The holly and ivy would also been used to decorate objects such as the spinning wheels and the ploughs. These decorations were placed on these objects of labour on Christmas Eve to prevent their use over the twelve days of Christmas, for this was a time to down tools and to have much merriment.

Holly was symbolic during the period as Christ’s crown of thorns, and the berries as Christ’s blood.

On Christmas Eve, Tudor women would find smooth holly leaves (the female variety) and place them in a handkerchief and put it under their pillow on Christmas Eve.  They would then hope to dream of the man they would marry.

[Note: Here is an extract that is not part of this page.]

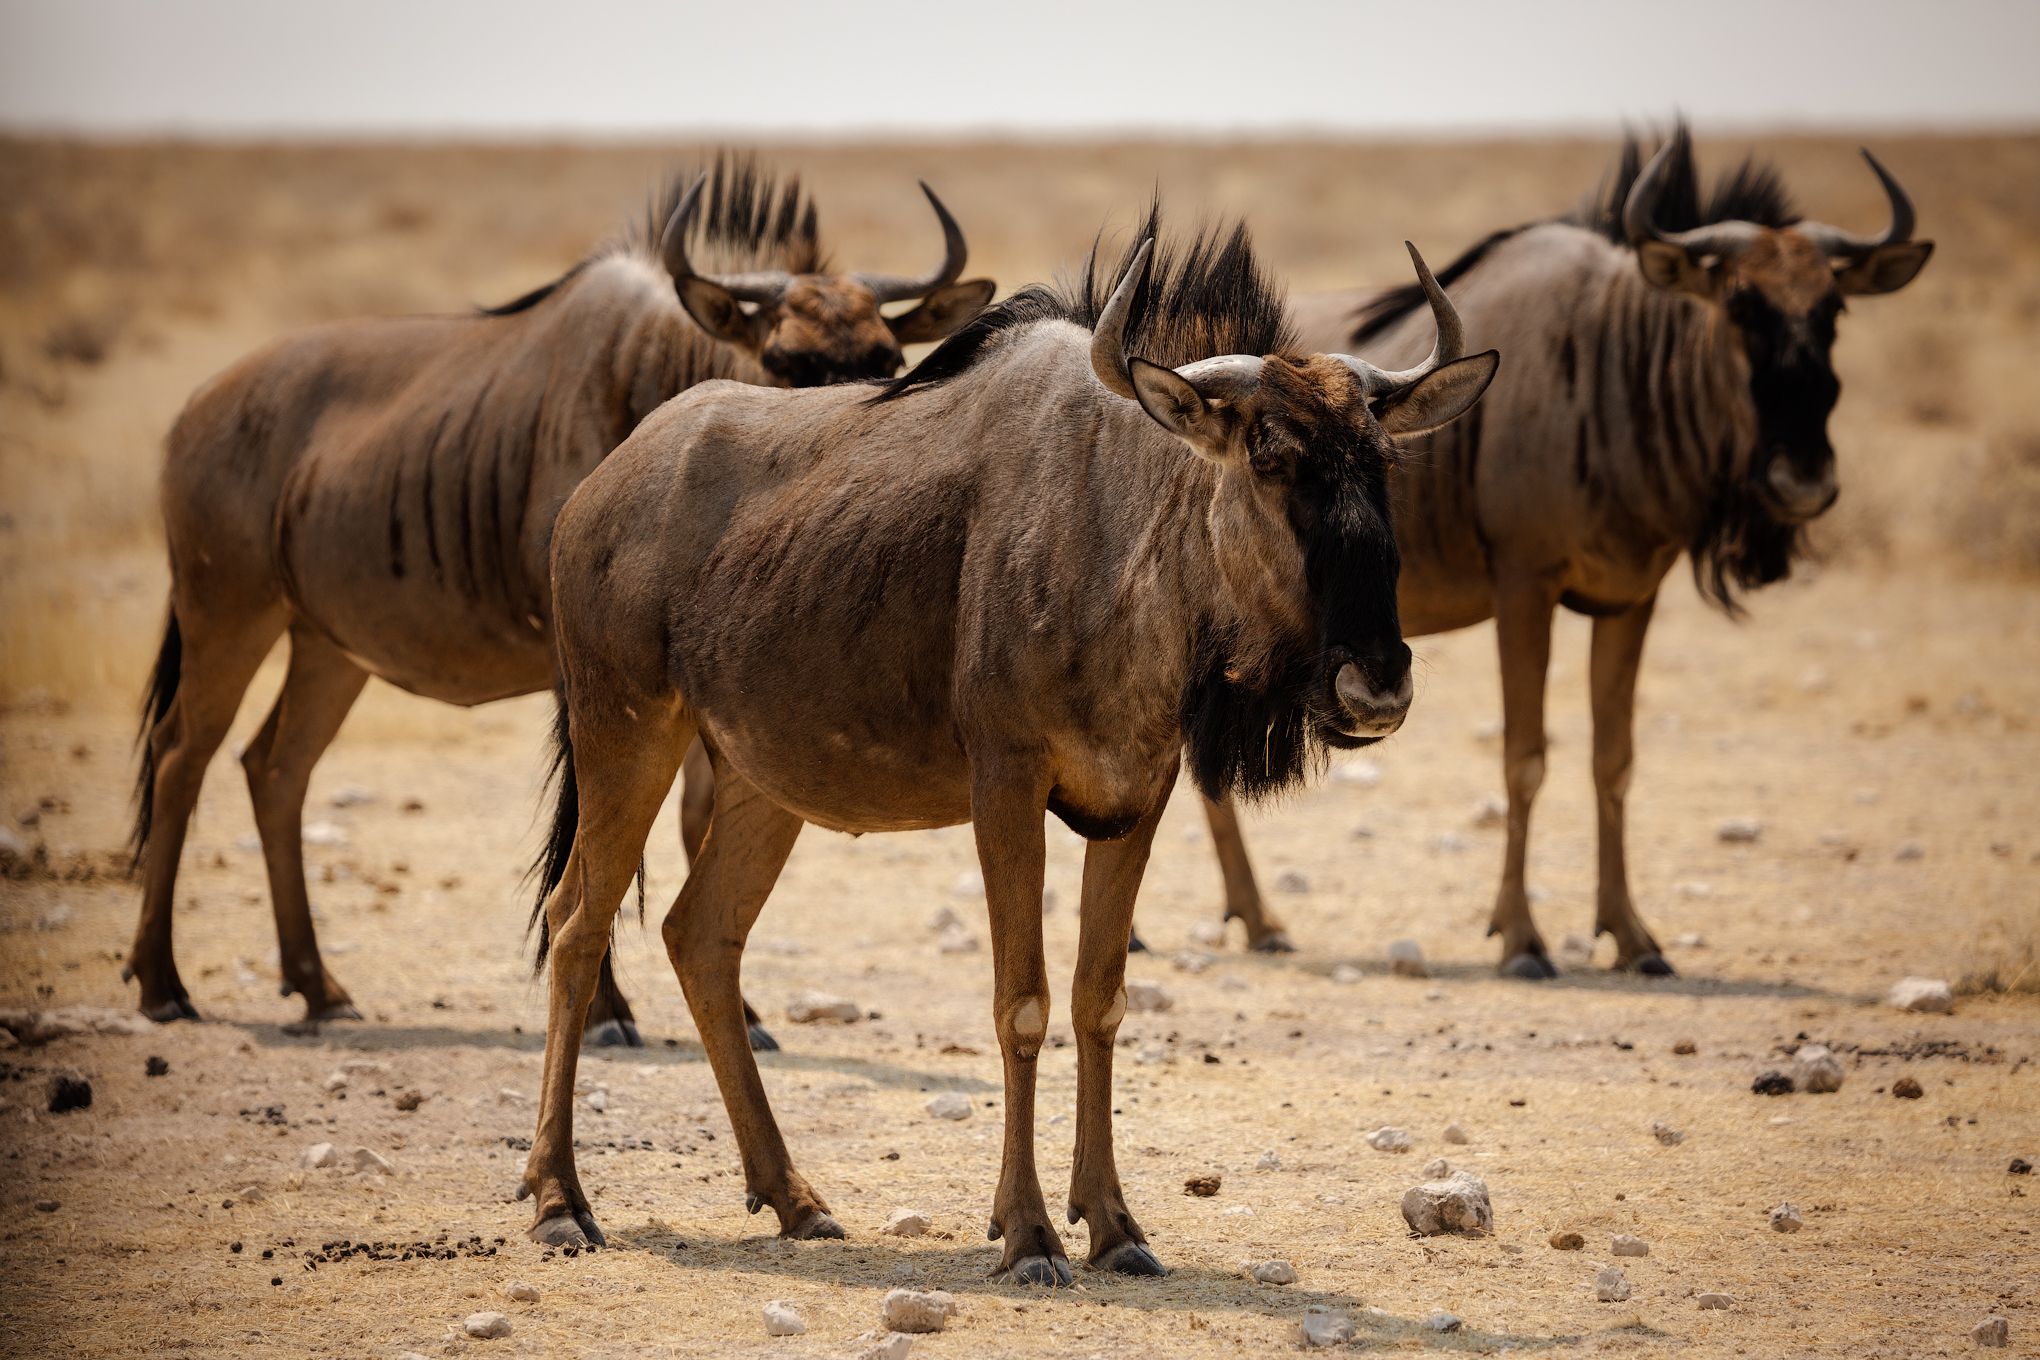 #Африка #Намибия #Этоша #голубой гну #национальный парк #сафари #животные #africa #namibia #Etosha  #animal #safari #wildebeest, Наталия Деркач

Ivy was a sign of fertility in Tudor days – Tudor women would fill a saucer of water and leave a piece of ivy within it, then inspect it at the end of the 12 days.  They would use it to divine what illnesses they may suffer the following year from the shape of black spots on the ivy!

Nearby Hever church would also have been decorated with evergreens.

Mistletoe

The Boleyn women may have made a kissing bough – a sphere like precursor to the Christmas wreath, made from holly and ivy, and placed at the bottom of the sphere would have been Mistletoe, which visitors would have kissed under before plucking a mistletoe berry.  When all the berries had gone, there were no more kisses to be had.

The Yule Log

The Tudor Yule Log had nothing to do with chocolate – instead it had a practical purpose – to heat the family throughout Christmas.  Thomas Boleyn would have taken his man-servant and son out into the Kentish Weald to fell a great oak tree.  They would have dragged it back over the drawbridge to the Great Hall, where it would be dressed with holly and ivy by the Boleyn women and tied with wet ribbons to slow the burning process down so that the log could burn for the whole 12 days of Christmas. 

Feasting

At the Boleyn’s table you would have found venison and boar, hunted in the Kentish weald. There would have been a Christmas pie – a pigeon inside of a partridge, inside of chicken, inside of a goose, inside of a turkey!

Boxing Day/Feast of Stephen

On the 26th of December, or the Feast of Stephen, the Boleyns would have welcomed their tenants into the great hall to present them with gifts of food and ale.

Christmas at Hever Castle takes place from 21 November 2025 – 2 January 2026 with the opportunity to step back in time for a Tudor Christmas.